A COCKER spaniel is in the doghouse after dialling 999.
Police officers raced to a B&B business in Blairgowrie, Perthshire, on Tuesday evening after getting a silent emergency call.
It turned out a one-year-old pooch called Cino had been playing with the wireless handset and had somehow dialled the emergency numbers.
His owner, Jillian Merrouche, was startled when two officers suddenly knocked on the front door of her business.
After confirming that there were no children in the house who may have dialled the number, she realised that the house phone had been left outside.
She eventually found her cheeky pooch playing in the back garden – with the handset in his mouth.
Jillian, 46, said: “I don’t know how me managed to click in the numbers, but he did.
“I had left the phone on a ledge in the garden and he must have got hold of it and was playing with it.
“Suddenly I had the police on my door saying that they had a call from my house number before the line went dead.

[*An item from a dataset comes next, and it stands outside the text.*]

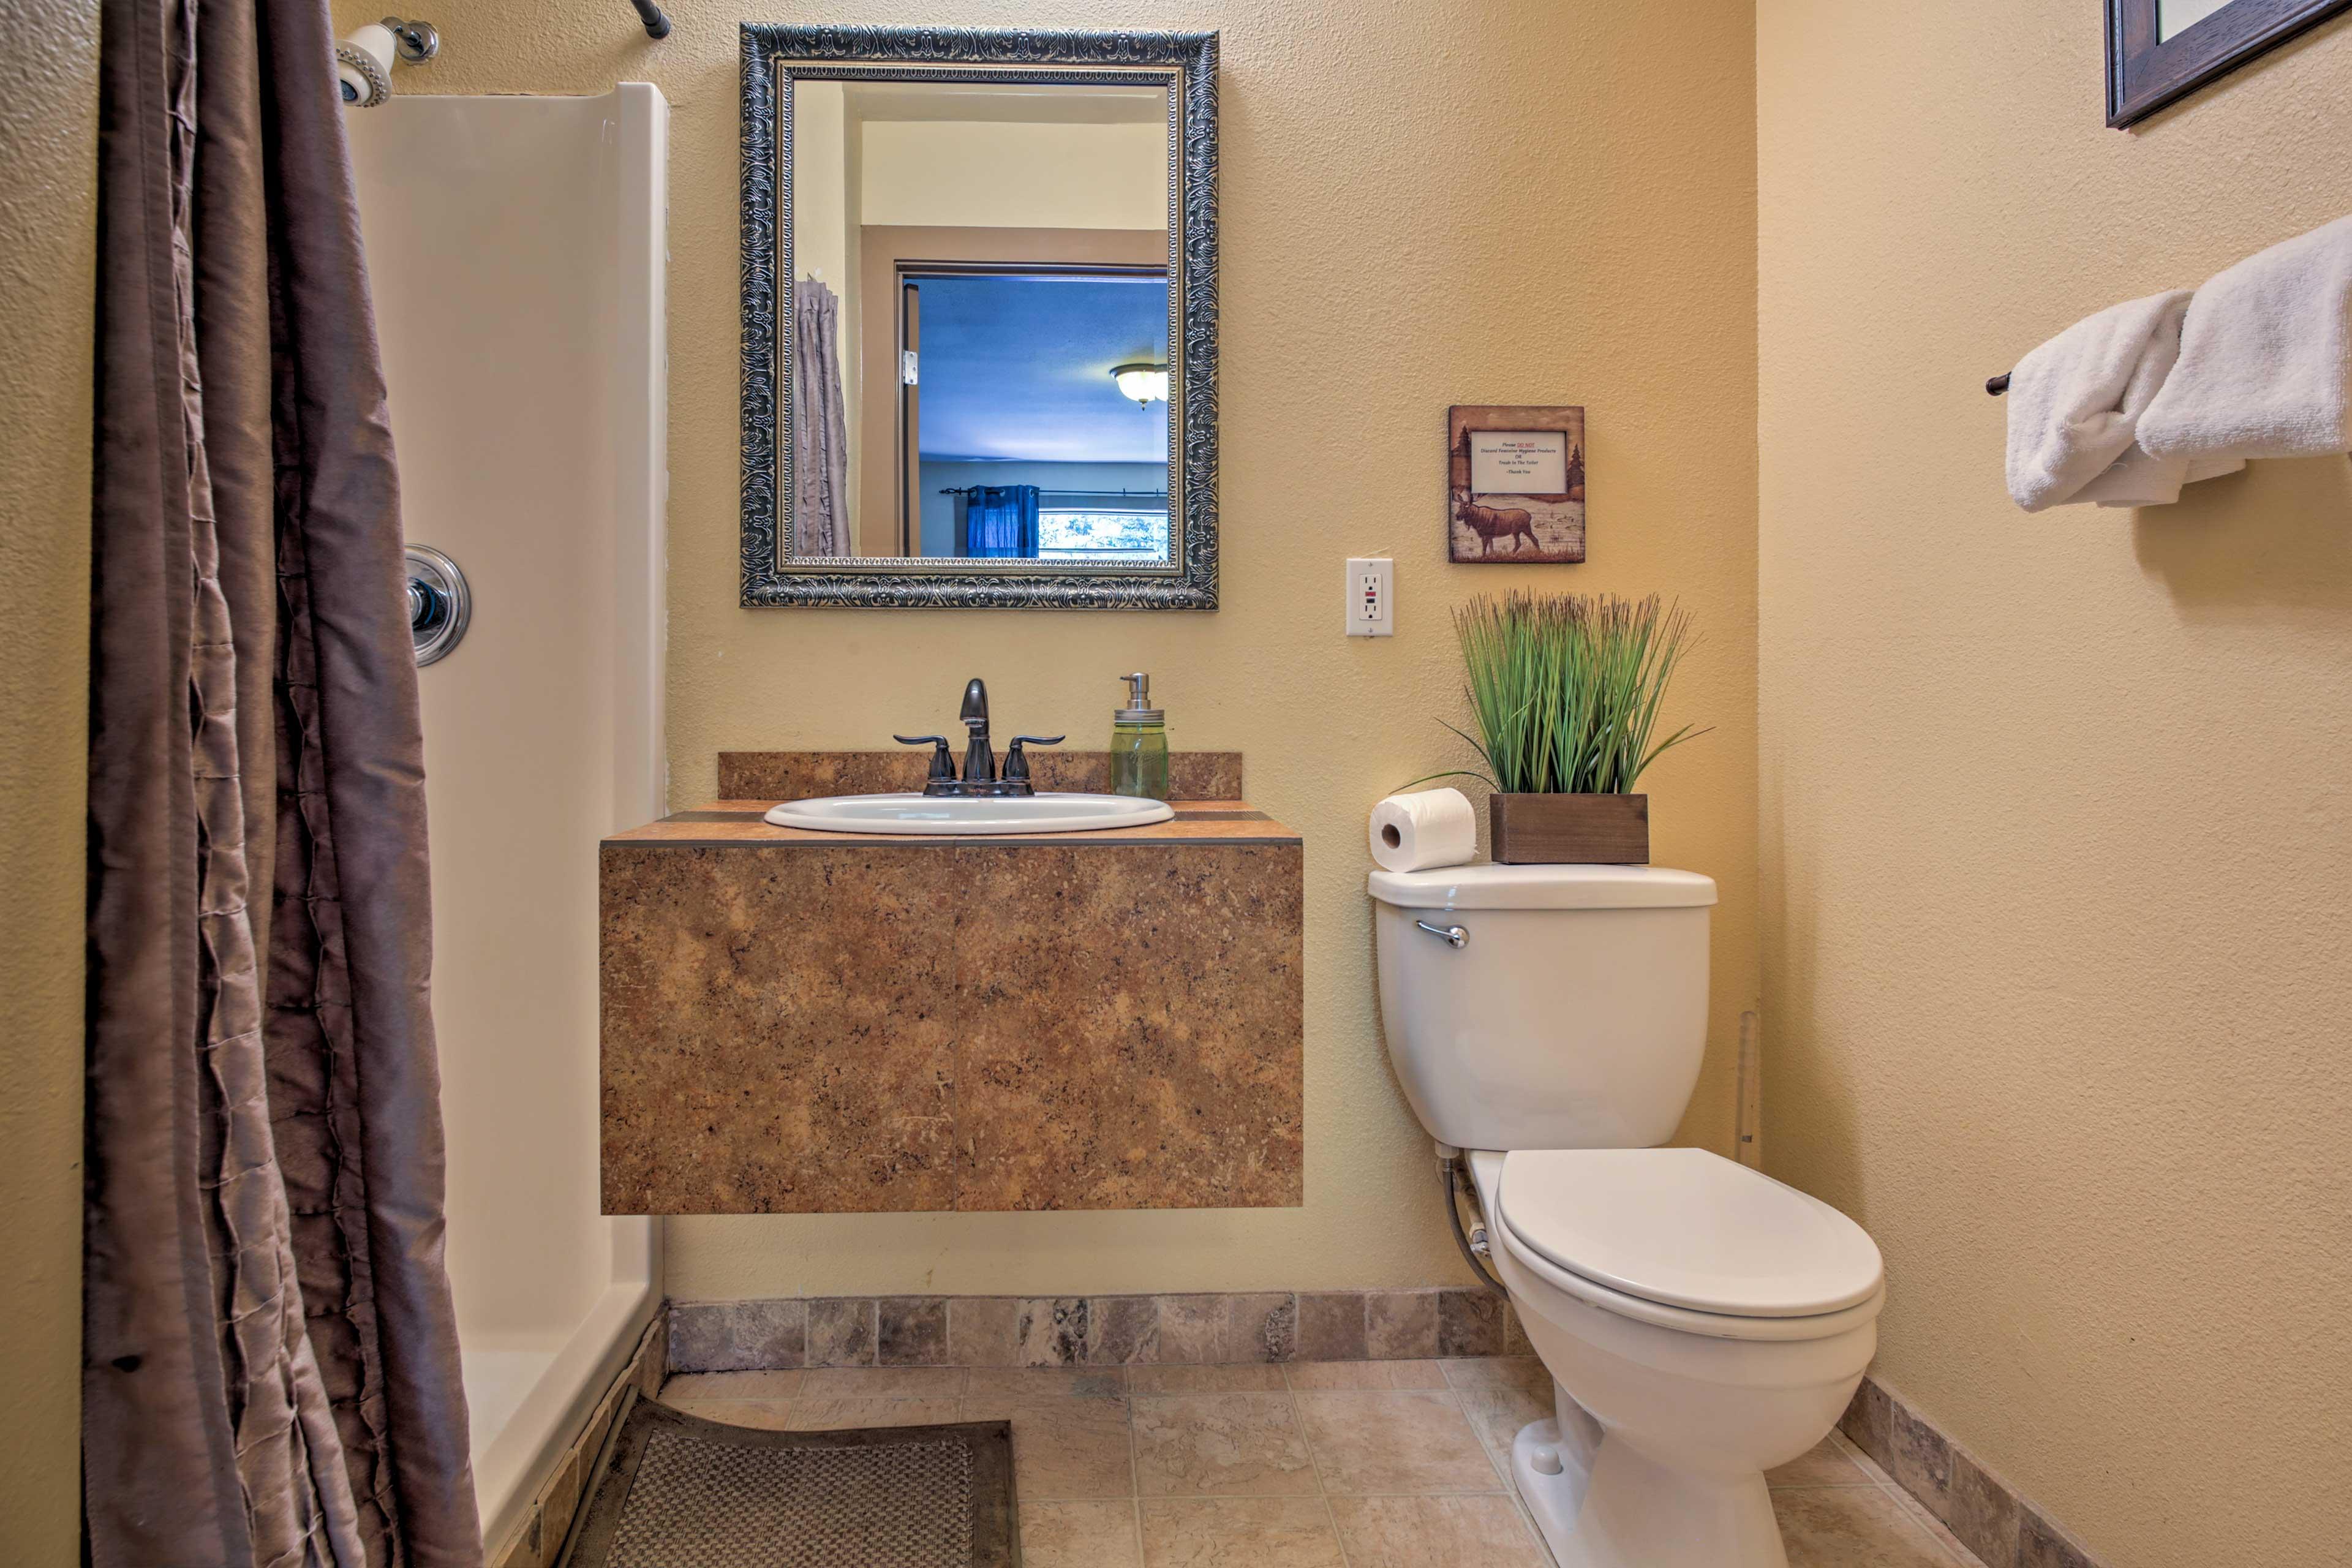 The en-suite full bathroom has a walk-in shower.

“They asked if I had any children in the house who could have accidentally made the call, and then I realised that I had left the phone outside.
“I was a bit embarrassed by it – I hope the police saw the funny side.
“He’s just a mad cocker spaniel, he’s only young.”
She took to social media to speak of her “mortification” about what happened.
She wrote: “Major mortification. Dog had got the phone and somehow dialled 999. Police came round to check all was well. True story. #the shame”
She added that one of her daughter’s had done the same thing when she was little, but said it was “good on the police” for checking up.
“It’s reassuring they come round to check on you,” she added.
A spokeswoman for Police Scotland said: “We received a call, enquiries were made and all was in order.”
Cocker spaniels are notorious for misbehaving, and have a habit for chewing on household items.
A spaniel in North Yorkshire was dubbed “the naughtiest dog in Britain” after chewing through wallpaper, power cables, carpets, furnishings and even a laminate kitchen floor.